Can we improve prioritization to avoid going into the pathological case? The following bad hack already gives a 1.5x speedup, could we avoid reassigning all the other packages after (bad) solana versions by improving prioritize?

    fn prioritize(
        &mut self,
        package: Package,
        range: VersionSet,
        arena: &PackageArena<Self::P>,
    ) -> Self::Priority {
        let mut x = ((range.count() as u64) << 32) + package.get() as u64;
        if !arena.pkg(package).unwrap().to_string().contains("solana") {
            x = x + 1 << 62
        }
        Reverse(x)
    }
hyperfine --runs 3 "./pubgrub-bench-base" "./pubgrub-bench-prio"
Benchmark 1: ./pubgrub-bench-base
  Time (mean ± σ):      4.013 s ±  0.003 s    [User: 3.907 s, System: 0.104 s]
  Range (min … max):    4.011 s …  4.017 s    3 runs
 
Benchmark 2: ./pubgrub-bench-prio
  Time (mean ± σ):      2.643 s ±  0.004 s    [User: 2.500 s, System: 0.142 s]
  Range (min … max):    2.639 s …  2.647 s    3 runs
 
Summary
  ./pubgrub-bench-prio ran
    1.52 ± 0.00 times faster than ./pubgrub-bench-base

Re Eh2406/pubgrub-crates-benchmark#6 (comment): In the backtracking itself, why don't we learn the incompatibilities, shouldn't we be able to memoize that only a certain range works and skip over it in the next attempt? For Eh2406/pubgrub-crates-benchmark#6 (comment), what's the representation for features and virtual packages, can we improve that? In uv, we found a backtracking bug that was fixed by improving the ordering and bounds around feature packages.
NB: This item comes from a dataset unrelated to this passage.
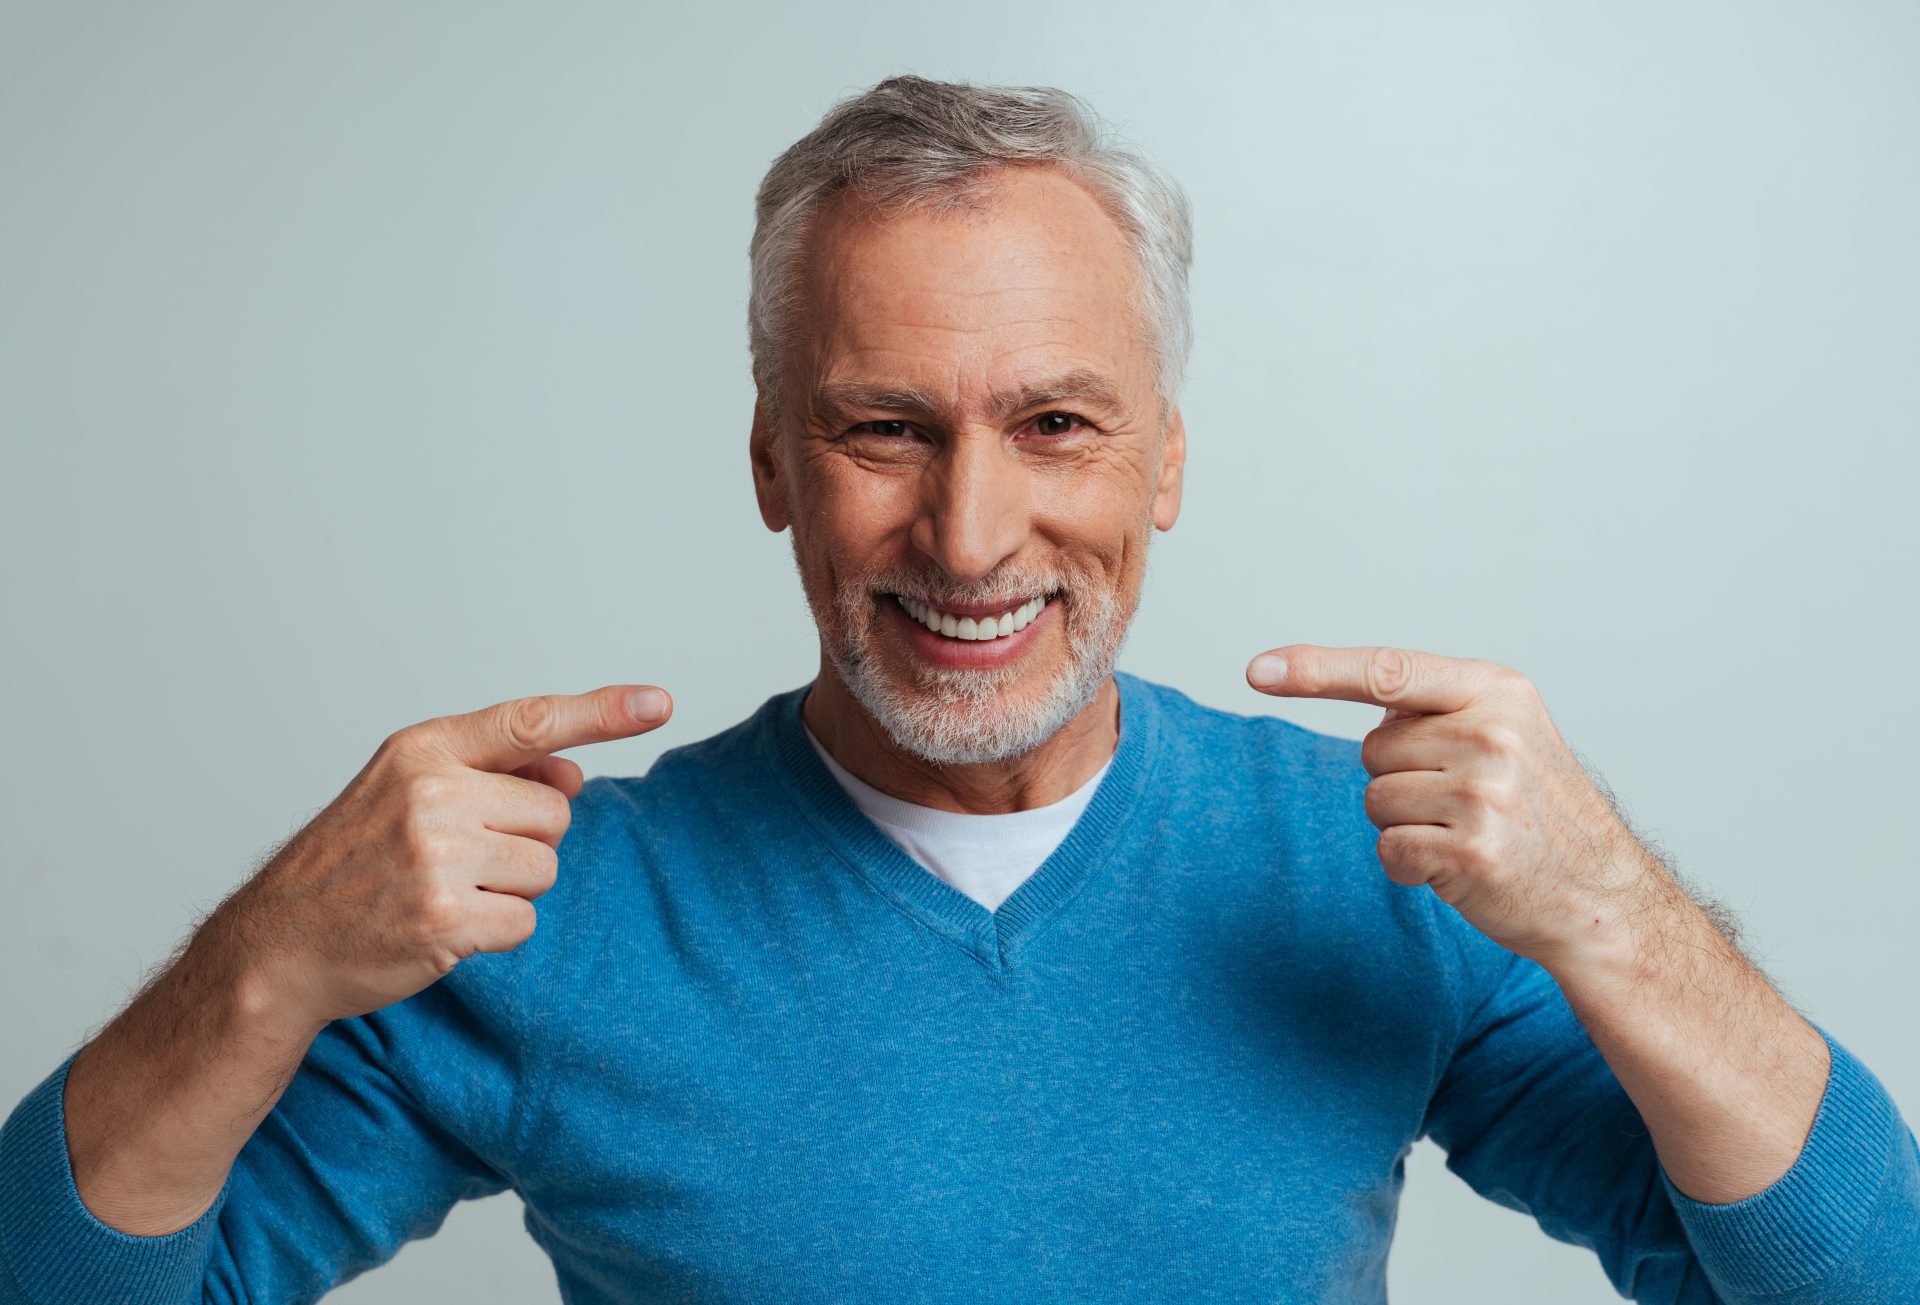 Implant Supported Dentures in Alamogordo NM Dr. Westover Dr. Slade Dr. Griffin Dr. Peterson. Mountain View Dental General, Cosmetic, Restorative, Preventative Dentist in Alamogordo, NM 88310

For adding large, generated files to the repository, we should add information on how they were generated and how they should be interpreted: As a non-cargo dev, I currently see only a large tree of numbers, and can't tell how they should be resolved or what it means if we're taking a certain path through the packages and versions.

@x-hgg-x
Copy link
Contributor Author

x-hgg-x commented Nov 10, 2024

Can we improve prioritization to avoid going into the pathological case?

Yes it should be possible, but we need to find a generic method without knowing the shape of the dependency tree.

Maybe we can compute the current tree depth and prioritize packages with smaller depths ?

Re Eh2406/pubgrub-crates-benchmark#6 (comment): In the backtracking itself, why don't we learn the incompatibilities, shouldn't we be able to memoize that only a certain range works and skip over it in the next attempt? For Eh2406/pubgrub-crates-benchmark#6 (comment), what's the representation for features and virtual packages, can we improve that?

These examples are using the current resolver of cargo, which doesn't use pubgrub yet.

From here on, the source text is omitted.